Watch a video on human motivation/needs here.
Image by Evan.

How to study when you’re sick.

The photo above is my current situation. Although I am typing this post while sitting on a desk, I have been living in my bed. Fighting the tiredness doesn’t make it go away, unfortunately. I’m sure most of you know what it’s like… assignments due, classes to go to, rent to pay and the list goes on! So, how does a student study while sick? I’m about to tell you.

What’s your priority?

Over the course of this semester, I’ve accepted now that studying is one of my main priorities. And no, I didn’t accept it for months, until recently. I was set on working four days a week and studying meticulously during off-hours. However, it did not work out that way at all. The complete opposite, in fact. Nowadays, I study more than I work and it’s a constant cycle of “I may not pay rent, but that’s cool, I’m getting an education”. You may think an education isn’t all that important – that’s okay! This post is geared towards those who do. Then again, isn’t life full of lessons anyway? Ha!

Back to the subject.

Right now, my body is aching and my lungs are struggling a bit more than usual to take in oxygen.

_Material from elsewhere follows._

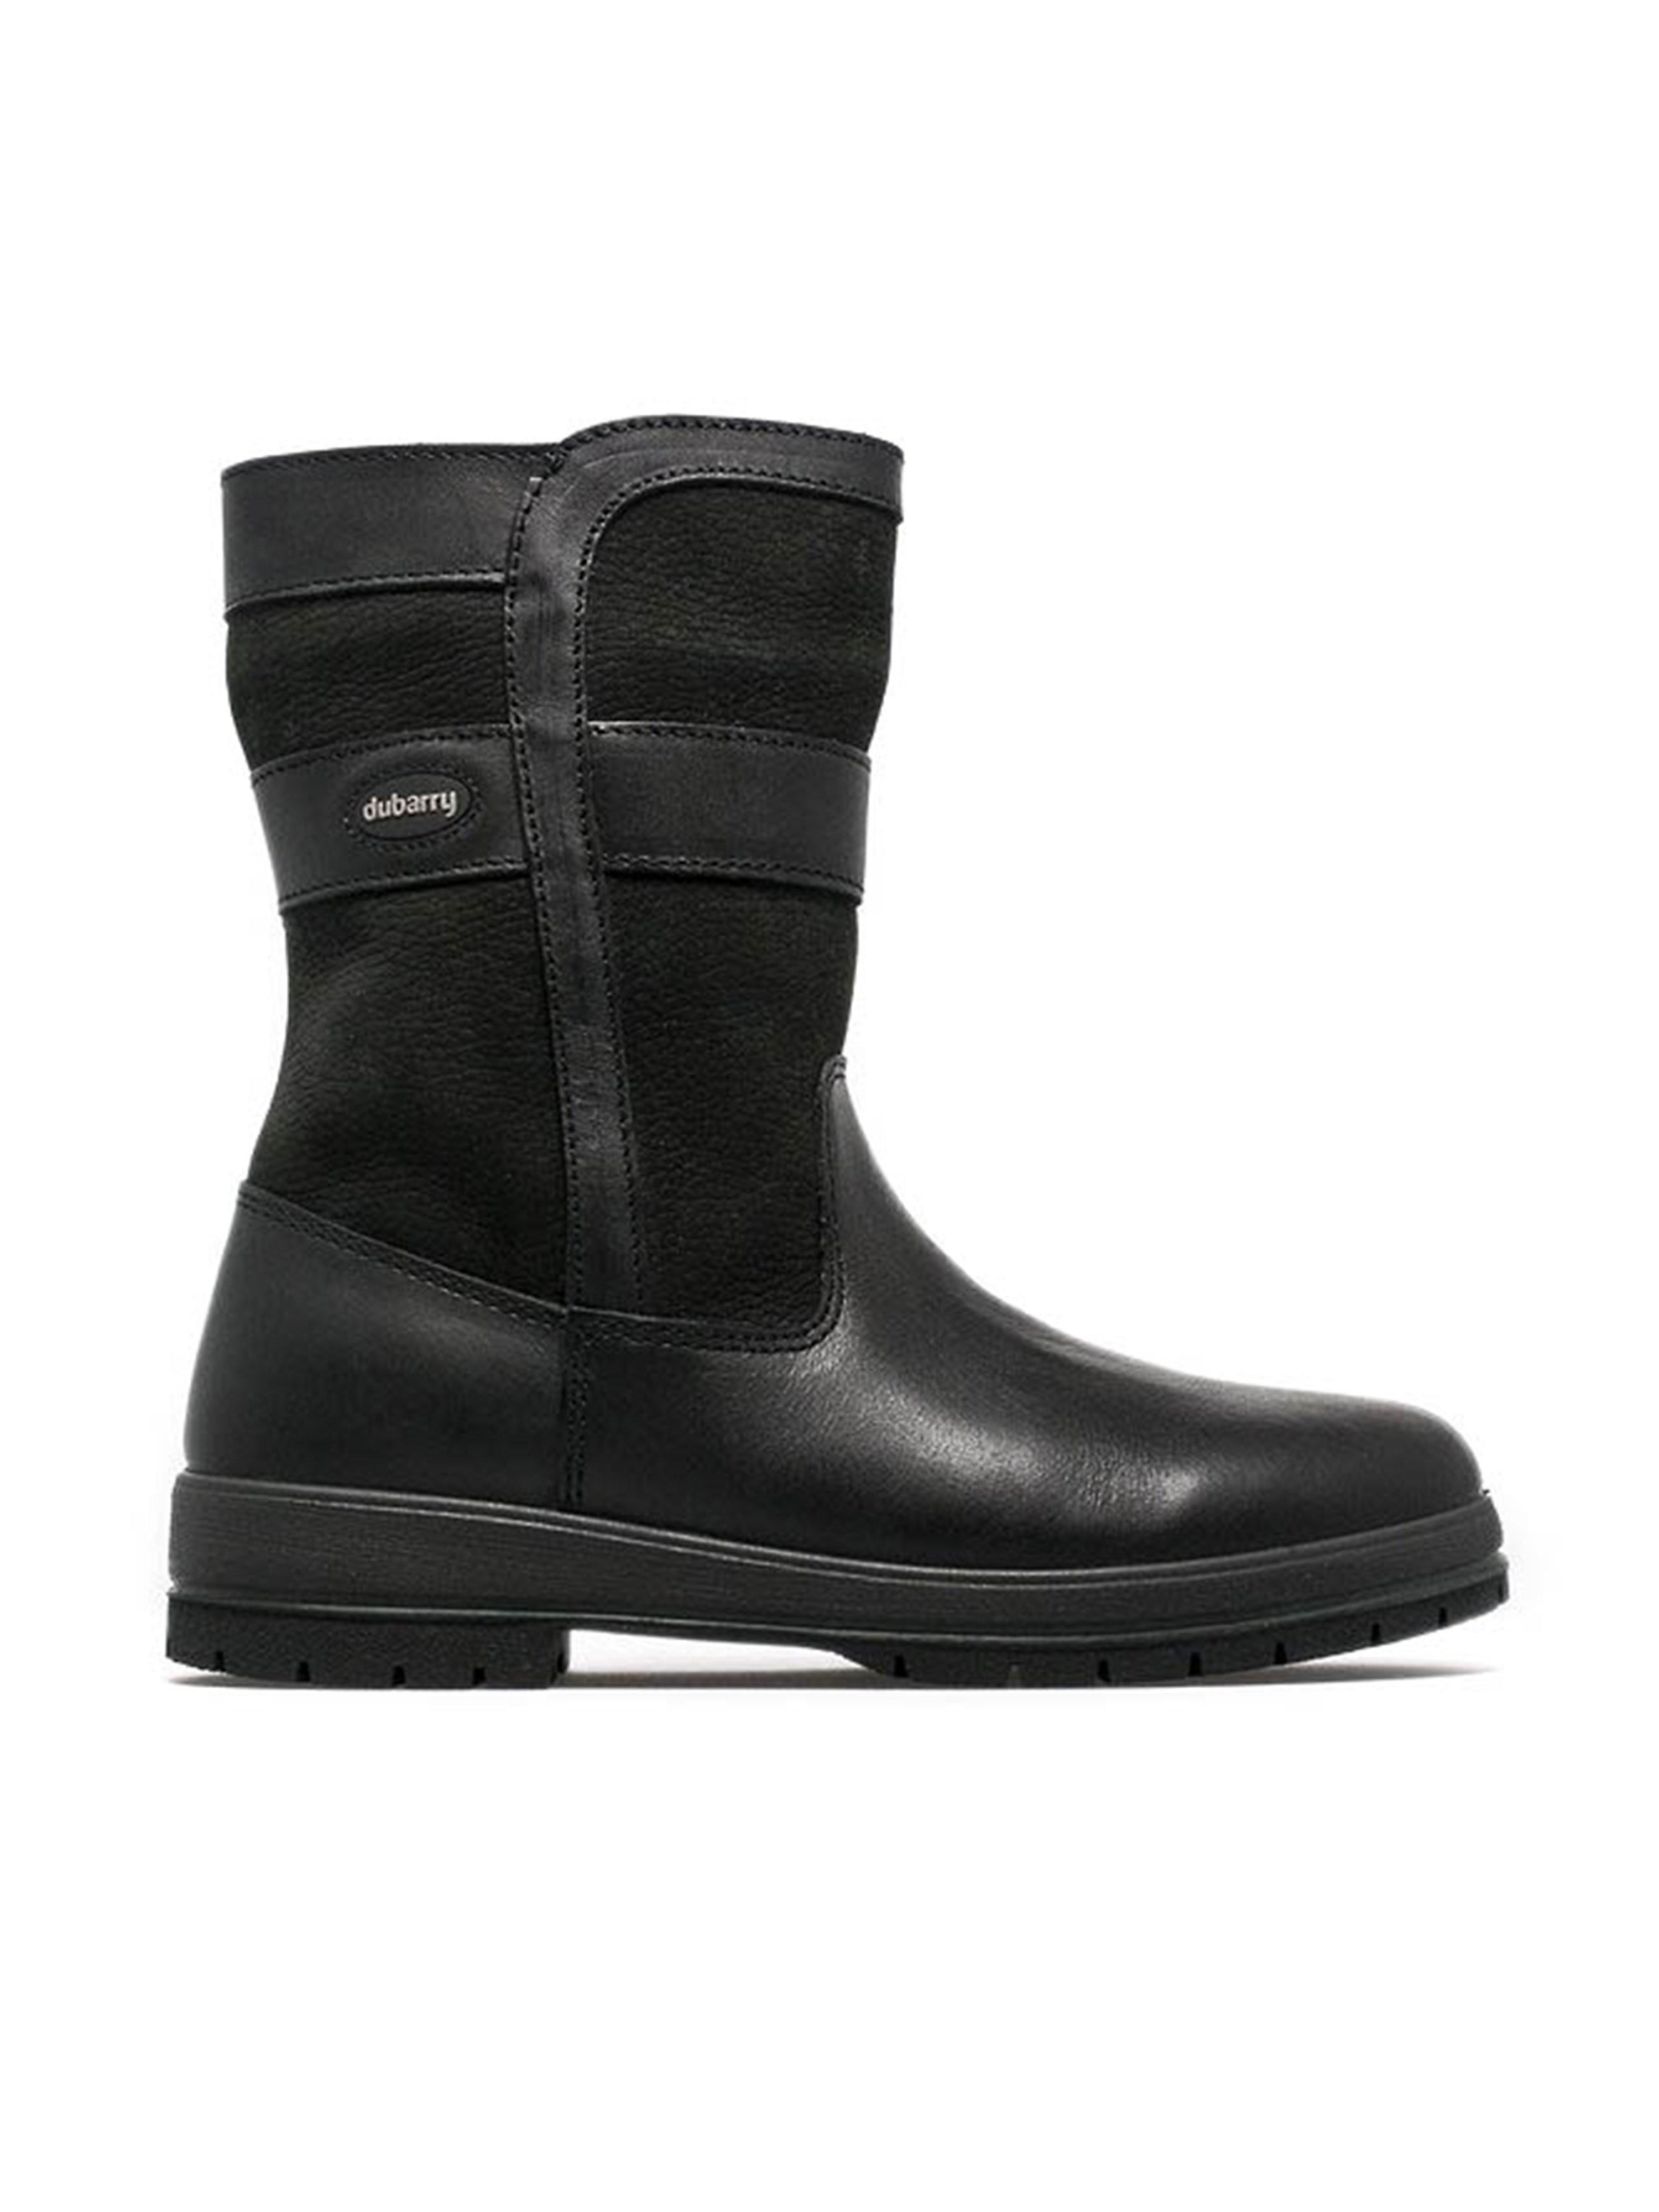 Dubarry Women's Roscommon Leather Mid Height Boots - Black

My priority then, is to complete anything that is due next, like my counseling assignment. Once that’s done, I’ll study for a test that’s coming up next week. Revise, revise, revise! Anything else can take a seat in the back, as far as I’m concerned. Things like readings (I’ve been doing terribly, if I’m honest), lectures (almost up to date) and practicals — will be attended in due time.

Also, try and refrain from infecting others as much as possible. Stay home or distance yourself if you have to be out and about.

So, what’s your priority? Make a list. Work down that list in order of importance. Use as little energy as possible. You’ll need it to recover and be well.

Rest, and take breaks.

Although I’m in the comfort of my own room, it’s still important to rest and take breaks. Some people can handle aching muscles and constant coughing in public – I can’t. Unless it’s an absolutely mandatory task (test/exam/critical information to pass a subject), you’ll find me at home, studying but taking my time.

If you are able to, take your time, have as many resting breaks as you need. Look after your body, you only get one. Unless cloning is a thing…?!

Nourish your body.

I must admit, the last few weeks of assignments, tests and general living have proven tough. My diet has not been the best. However, now that my body has contracted some sort of chest infection, it’s super important that I eat well. This is advice to those who fall into the categories like  “I don’t have time to eat”, “I’m lazy” or “I’ll just eat when I really need to”.
It’s important to take care of yourself not just externally (exercise, hygiene and so on) but internally too. Right now, I’m sipping on ginger, honey and turmeric tea. Yesterday’s tea was turmeric and honey. For breakfast, I had a sweet-potato and vegan cheese sandwich, as it was easy and required the least amount of effort.

Eat more fruits and vegetables! Stay away from sugary drinks, dairy and greasy food. Do stay hydrated and well-fed!

Give your body the nourishment it needs. If your energy comes from anything, let it be good food and hot, soothing teas. Or water if tea isn’t your thing!

Good luck, and may you complete your assignments/tasks to the best of your abilities. I’m going to study and possibly cough up a lung.

Note: please see a doctor if your symptoms don’t improve.